As it happens, I've been thinking a lot about this National Affairs essay by Yuval Levin, which suggests tearing down much of the American welfare state and replacing it with a "true" safety net that offers government support for the real hard cases. The proximate cause of this is that the federal government is spending way more than it takes in, but there's a larger philosophical justification:
Because all citizens — not only the poor — become recipients of benefits, people in the middle class come to approach their government as claimants, not as self-governing citizens, and to approach the social safety net not as a great majority of givers eager to make sure that a small minority of recipients are spared from devastating poverty but as a mass of dependents demanding what they are owed. It is hard to imagine an ethic better suited to undermining the moral basis of a free society.
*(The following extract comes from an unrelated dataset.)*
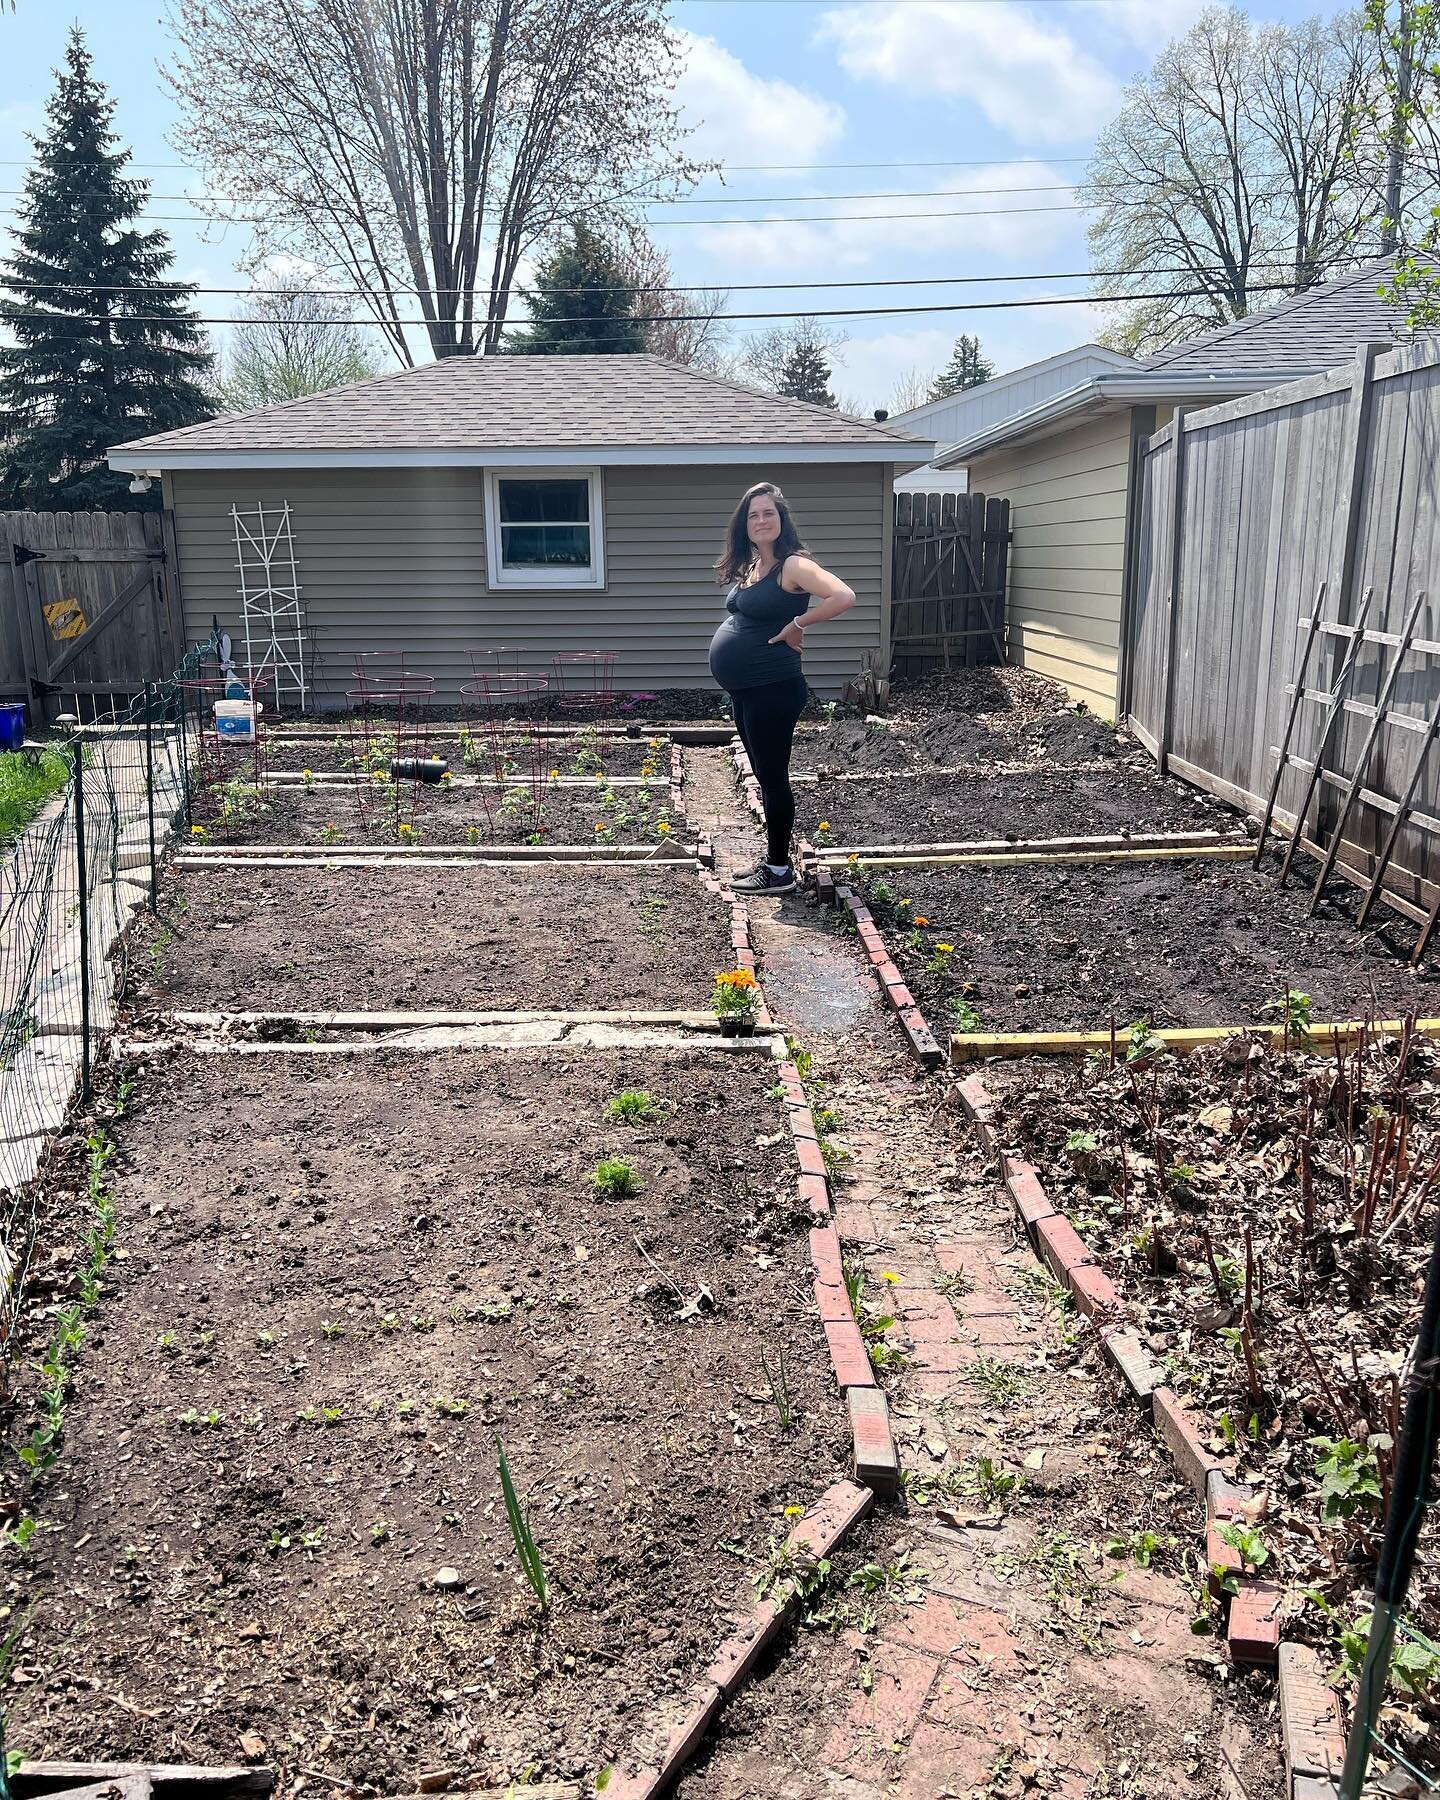 41 weeks and one day preggo (who is counting?!) but at least the garden is planted!!! #stillpregnant #garden #vegetablegarden #bestseason #letsgobaby
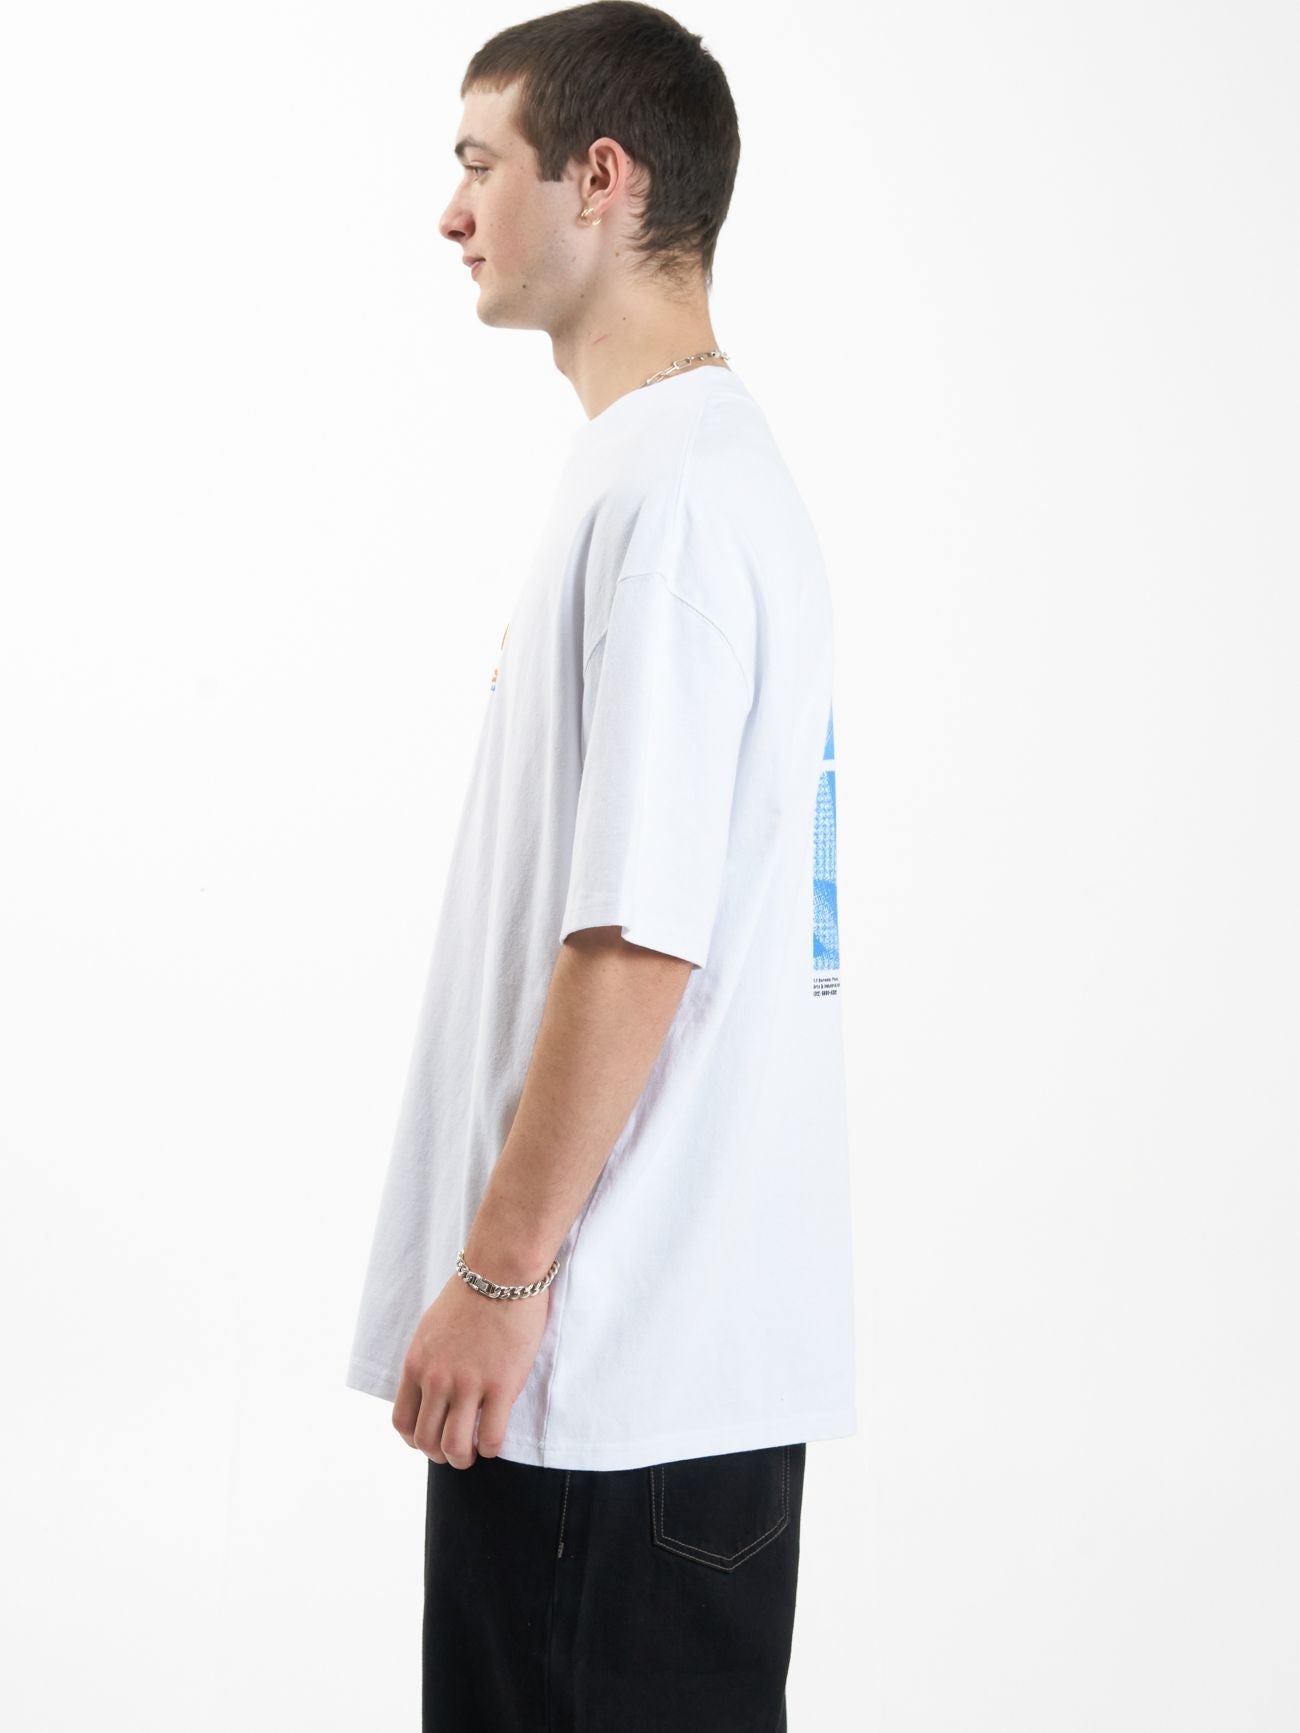 THRILLS - Earthdrone Box Fit ( Oversized Tee ) WHITE

There's something very seductive about this vision—but only if people who do work hard and honestly stand a reasonable chance to provide for themselves and their families. And that doesn't seem to be the case, according to the Times' report:
According to the report, a single worker needs an income of $30,012 a year — or just above $14 an hour — to cover basic expenses and save for retirement and emergencies. That is close to three times the 2010 national poverty level of $10,830 for a single person, and nearly twice the federal minimum wage of $7.25 an hour.

A single worker with two young children needs an annual income of $57,756, or just over $27 an hour, to attain economic stability, and a family with two working parents and two young children needs to earn $67,920 a year, or about $16 an hour per worker.

That compares with the national poverty level of $22,050 for a family of four. The most recent data from the Census Bureau found that 14.3 percent of Americans were living below the poverty line in 2009.

Two notes:

• Median household income in 2009 was around $50,000 a year. That means half of all households were making less than that. I presume there are a number of four-person families in the lower half of all American households. And since the sustainability number is actually north of the median number ... well, I'm going to presume that most American families aren't earning enough to sustain themselves without some form of government subsidy—at least if we accept the Wider Opportunities for Women study. Yikes.

• As Paul Krugman notes this morning, the GOP plan for getting the economy moving involves ... lowering American wages. That's good for business, but not so good for workers.

I'm all for retooling the safety net if the market provides a reasonable living for its participants. That doesn't seem to be happening right now. And it's not, frankly, how the market seems inclined to act.